Generating high quality synthetic data seems to be the best solution for this problem. The term synthetic data refers to data that is generated, not collected, and is created from scratch by a system based on the deep analysis of existing data. Synthetic data is scalable, can be tightly optimized for the problem at hand, is controlled and thus error-free, prevents lengthy data preparation tasks, and is rapidly generated, significantly reducing the time-to-market. Gartner recently estimated that by 2024, 60% of the data used for the development of AI and analytics projects will be synthetically generated.

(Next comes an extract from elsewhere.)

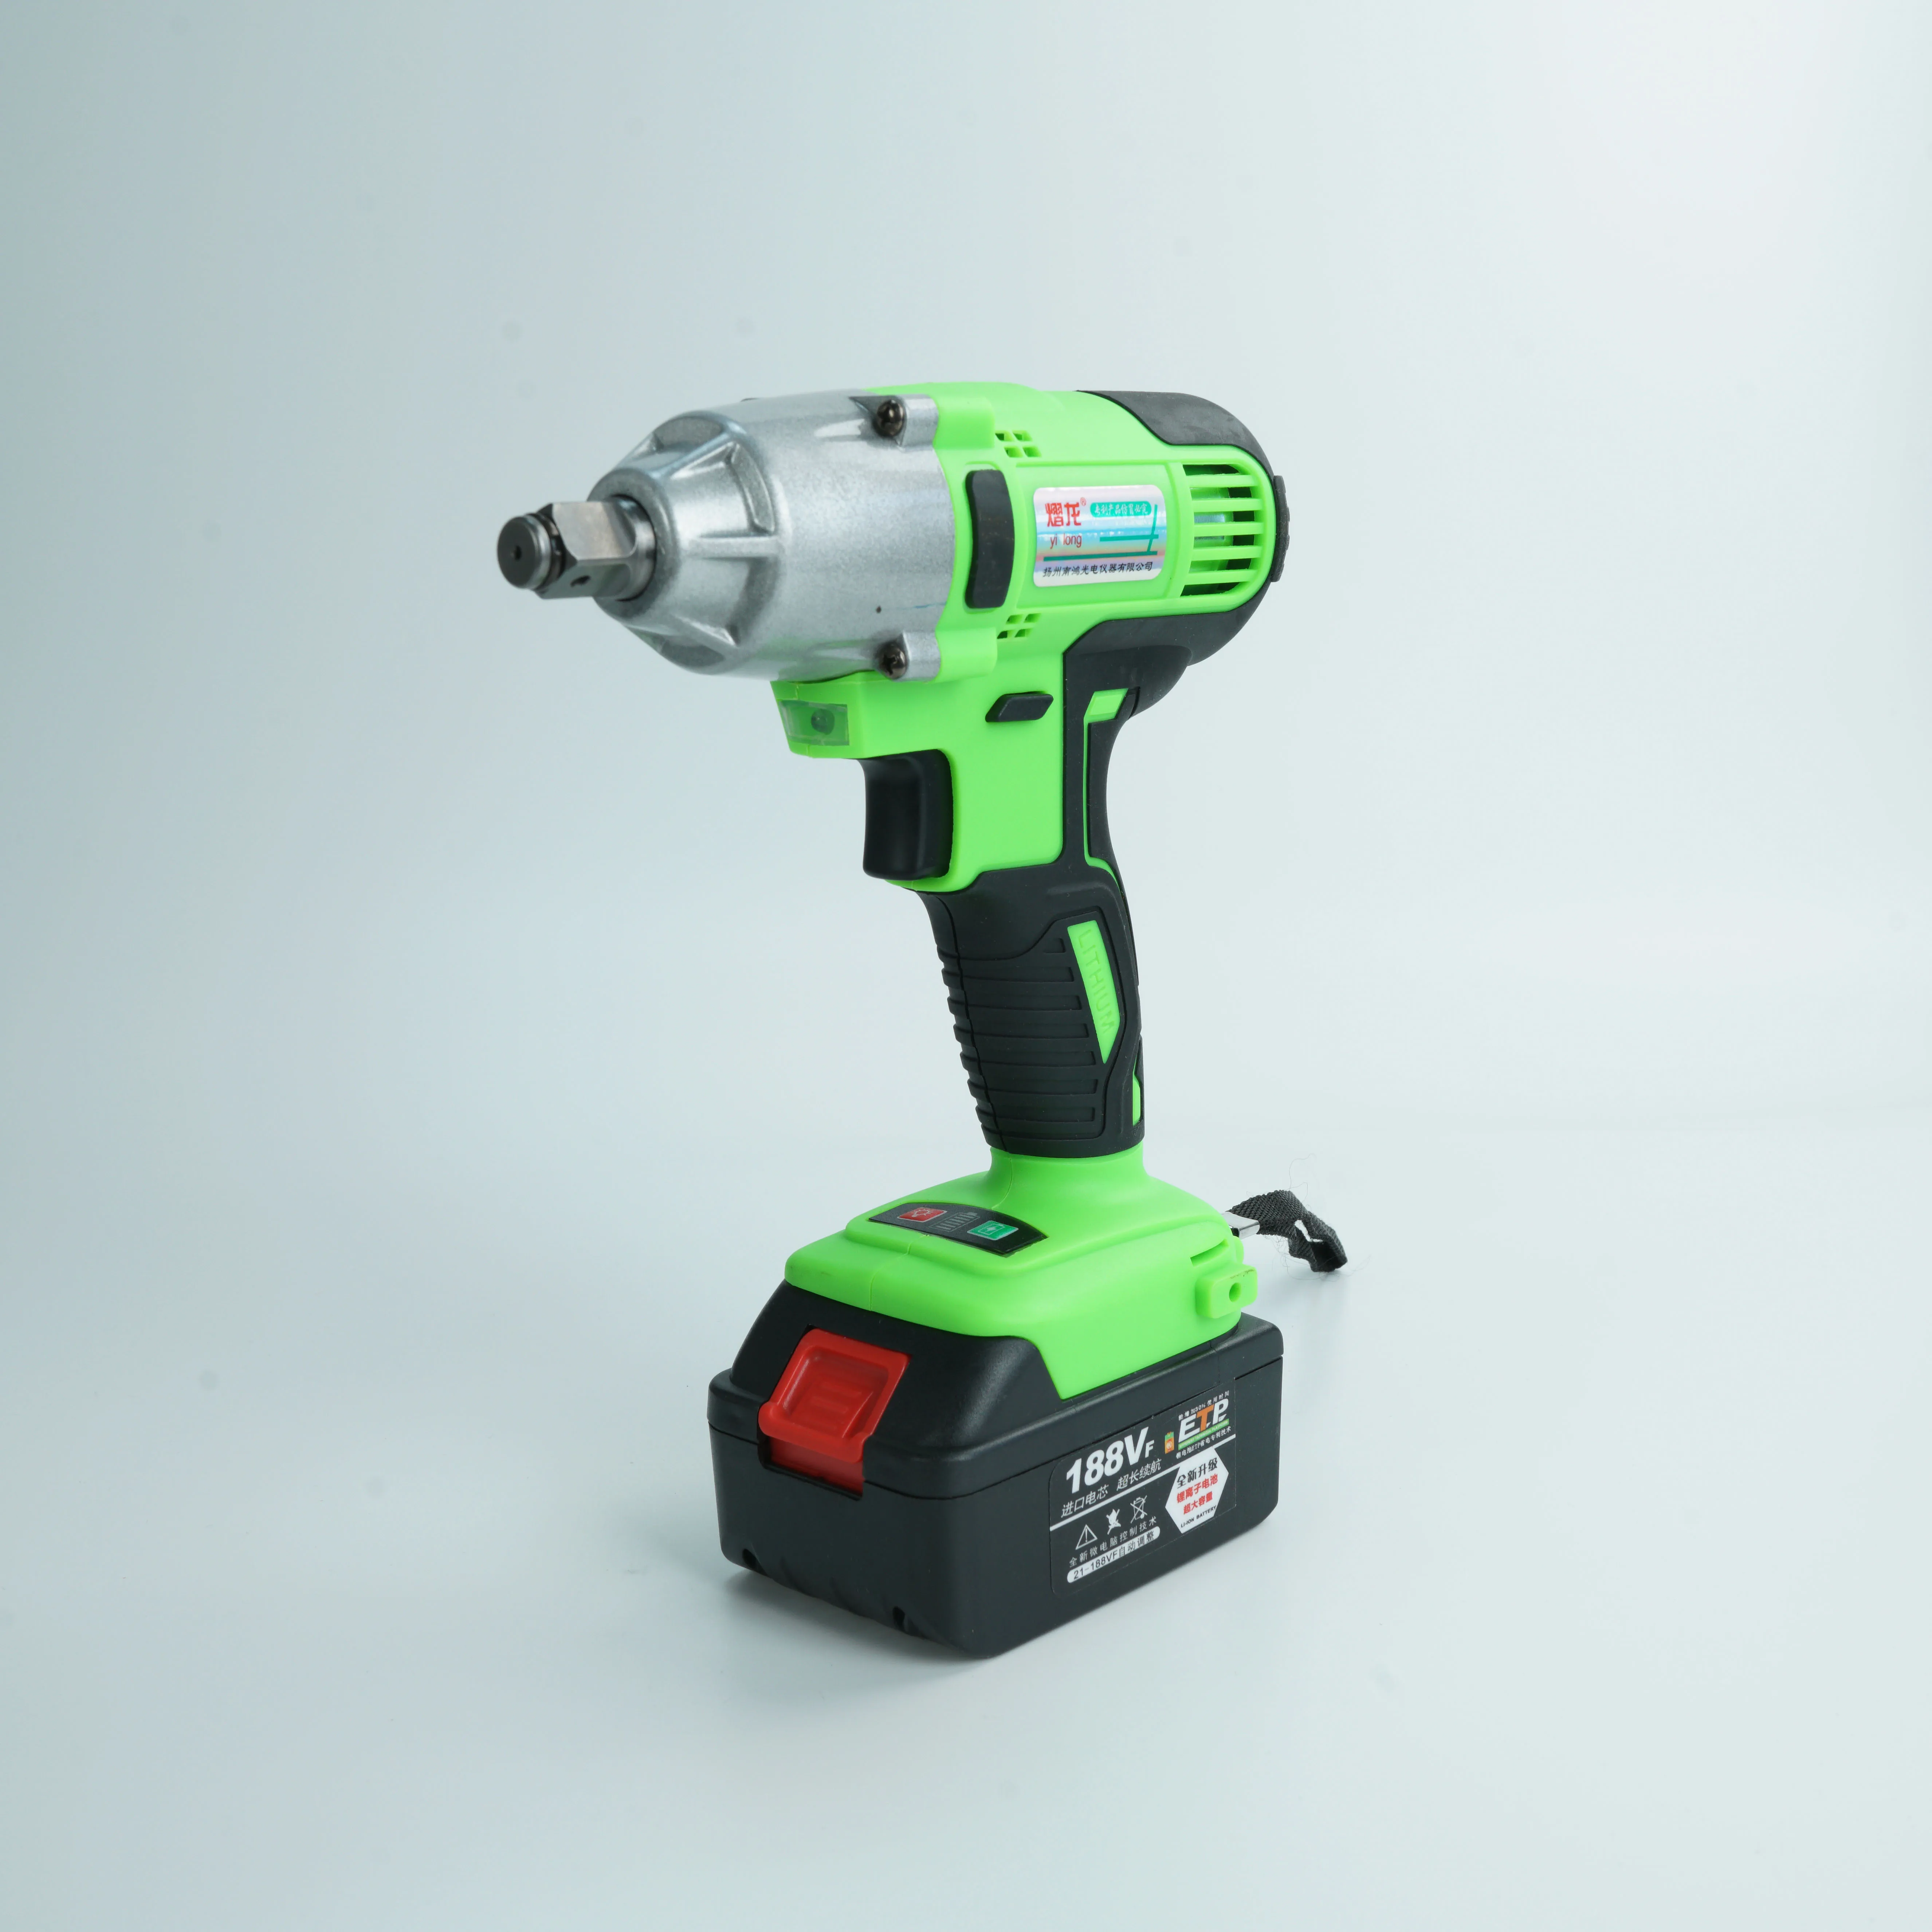 Nahom OEM Brushless Impact Wrench Cordless For Construction

Existing synthetic data generation solutions [7,8,9] are most often optimized to generate data that closely resembles original data while preserving the privacy of the data, thus opting to keep the same properties of the data. These types of solutions are focused primarily on addressing the challenge of testing or analysis of proprietary data by third party services while complying with regulatory requirements. To evaluate these tools, models are trained using synthesized data, then compared to the their performance with the original data, with the goal of achieving comparable predictive performance.

Datomize’s revolutionary approach leverages synthetic data to dramatically improve the performance of ML models. Using deep learning technology, Datomize creates and trains a generative model on the fly, and then generates new data instances enabling control over variability, balance and bias. As a result, the evaluation of Datomize’s rich, augmented data set is successful only once the performance of trained models using the synthetic data outperforms the performance of models trained with the original datasets.

Datomize supports tabular and sequence data (time series), various data types, e.g. categorial, numeric, continuous, dates, etc., and is totally agnostic to the model at use. The Datomize platform requires minimal input from the user, is easy to deploy, and it automatically learns the dependencies within the data.

During the analysis phase Datomize imports the original data, automatically analyses the structure and dependencies of the data, and then applies autoencoders to encodes the data to latent representation. Datomize then creates and trains the deep generative model using the encoding results. During the generation phase, data is generated and decoded back to the original format.




[1] Baum, E. B., & Haussler, D. (1989). What size net gives valid generalization?. Neural computation, 1(1), 151-160.

[2] Balki, I., Amirabadi, A., Levman, J., Martel, A. L., Emersic, Z., Meden, B., … & Tyrrell, P. N. (2019). Sample-size determination methodologies for machine learning in medical imaging research: a systematic review. Canadian Association of Radiologists Journal, 70(4), 344-353.for a review of studies

[3] F. Zhuang et al., “A Comprehensive Survey on Transfer Learning,” in Proceedings of the IEEE, vol. 109, no. 1, pp. 43-76, Jan. 2021, doi: 10.1109/JPROC.2020.3004555.

[4] Connor Shorten and Taghi M Khoshgoftaar. A survey on image data augmentation for deep learning. Journal of Big Data, 6(1):60, 2019

[5] Xu, Y., Noy, A., Lin, M., Qian, Q., Li, H., & Jin, R. (2020). WeMix: How to Better Utilize Data Augmentation. arXiv preprint arXiv:2010.01267.

[6] Aditi Raghunathan, Sang Michael Xie, Fanny Yang, John Duchi, and Percy Liang. Understanding and mitigating the tradeoff between robustness and accuracy. arXiv preprint arXiv:2002.10716, 2020.

[7] Assefa, S. A., Dervovic, D., Mahfouz, M., Tillman, R. E., Reddy, P., & Veloso, M. (2020, October). Generating synthetic data in finance: opportunities, challenges and pitfalls. In Proceedings of the First ACM International Conference on AI in Finance (pp. 1-8).

[8] Abay, N. C., Zhou, Y., Kantarcioglu, M., Thuraisingham, B., & Sweeney, L. (2018, September). Privacy preserving synthetic data release using deep learning. In Joint European Conference on Machine Learning and Knowledge Discovery in Databases (pp. 510-526). Springer, Cham.

[9] Hittmeir, M., Ekelhart, A., & Mayer, R. (2019, August). On the utility of synthetic data: An empirical evaluation on machine learning tasks. In Proceedings of the 14th International Conference on Availability, Reliability and Security (pp. 1-6).